(Stored dataset items)
--------------------------------------------------

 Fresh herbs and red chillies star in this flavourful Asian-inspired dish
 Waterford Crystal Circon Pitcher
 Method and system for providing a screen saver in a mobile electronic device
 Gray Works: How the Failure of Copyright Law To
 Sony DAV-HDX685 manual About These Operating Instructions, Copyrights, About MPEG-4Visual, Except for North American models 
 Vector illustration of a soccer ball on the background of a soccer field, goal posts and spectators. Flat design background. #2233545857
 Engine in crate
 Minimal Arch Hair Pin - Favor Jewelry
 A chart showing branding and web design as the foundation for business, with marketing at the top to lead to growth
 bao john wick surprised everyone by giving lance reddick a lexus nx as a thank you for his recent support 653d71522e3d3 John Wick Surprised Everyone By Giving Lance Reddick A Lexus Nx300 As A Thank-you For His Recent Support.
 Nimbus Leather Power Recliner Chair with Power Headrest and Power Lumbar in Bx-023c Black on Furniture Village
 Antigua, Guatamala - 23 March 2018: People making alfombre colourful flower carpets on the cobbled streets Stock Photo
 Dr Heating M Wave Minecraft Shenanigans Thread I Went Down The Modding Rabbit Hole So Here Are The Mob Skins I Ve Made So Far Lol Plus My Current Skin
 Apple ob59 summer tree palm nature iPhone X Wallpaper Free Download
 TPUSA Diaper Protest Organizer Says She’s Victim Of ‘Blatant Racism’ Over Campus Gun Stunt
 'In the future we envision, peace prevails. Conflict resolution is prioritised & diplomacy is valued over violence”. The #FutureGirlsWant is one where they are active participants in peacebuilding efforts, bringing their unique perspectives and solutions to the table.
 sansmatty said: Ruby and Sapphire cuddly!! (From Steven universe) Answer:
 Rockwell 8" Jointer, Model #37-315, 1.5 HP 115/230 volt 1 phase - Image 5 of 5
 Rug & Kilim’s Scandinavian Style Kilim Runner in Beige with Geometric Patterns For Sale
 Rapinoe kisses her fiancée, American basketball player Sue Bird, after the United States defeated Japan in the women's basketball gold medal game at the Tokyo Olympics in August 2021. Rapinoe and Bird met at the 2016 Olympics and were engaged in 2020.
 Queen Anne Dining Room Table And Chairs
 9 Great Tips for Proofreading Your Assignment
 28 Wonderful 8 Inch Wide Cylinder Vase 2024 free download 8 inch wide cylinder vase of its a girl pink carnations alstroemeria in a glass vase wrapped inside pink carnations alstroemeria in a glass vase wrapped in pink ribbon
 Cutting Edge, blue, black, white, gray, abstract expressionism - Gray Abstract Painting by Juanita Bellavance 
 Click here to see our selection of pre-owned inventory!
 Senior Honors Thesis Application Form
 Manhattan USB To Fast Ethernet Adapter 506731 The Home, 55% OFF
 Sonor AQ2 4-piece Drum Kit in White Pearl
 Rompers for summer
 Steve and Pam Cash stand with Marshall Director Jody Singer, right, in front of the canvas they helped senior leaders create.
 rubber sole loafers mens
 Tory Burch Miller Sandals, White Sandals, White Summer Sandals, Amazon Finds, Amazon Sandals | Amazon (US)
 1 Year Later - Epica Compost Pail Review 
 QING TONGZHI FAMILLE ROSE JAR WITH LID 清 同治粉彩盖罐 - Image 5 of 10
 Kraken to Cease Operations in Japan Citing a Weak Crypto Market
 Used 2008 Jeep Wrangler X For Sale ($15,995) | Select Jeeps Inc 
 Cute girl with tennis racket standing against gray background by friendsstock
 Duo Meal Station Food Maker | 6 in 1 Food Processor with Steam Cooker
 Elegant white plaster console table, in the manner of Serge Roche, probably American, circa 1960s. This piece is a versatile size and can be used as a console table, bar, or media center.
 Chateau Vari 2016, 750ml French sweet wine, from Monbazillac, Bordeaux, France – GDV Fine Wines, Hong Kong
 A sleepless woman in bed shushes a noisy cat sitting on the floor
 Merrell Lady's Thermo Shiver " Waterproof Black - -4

--------------------------------------------------

**TASK DESCRIPTION:**
Give back the records word for word. Start at the first line, end at the line containing "Gray Works: How", and include both.

**EXPECTED ANSWER:**
 Fresh herbs and red chillies star in this flavourful Asian-inspired dish
 Waterford Crystal Circon Pitcher
 Method and system for providing a screen saver in a mobile electronic device
 Gray Works: How the Failure of Copyright Law To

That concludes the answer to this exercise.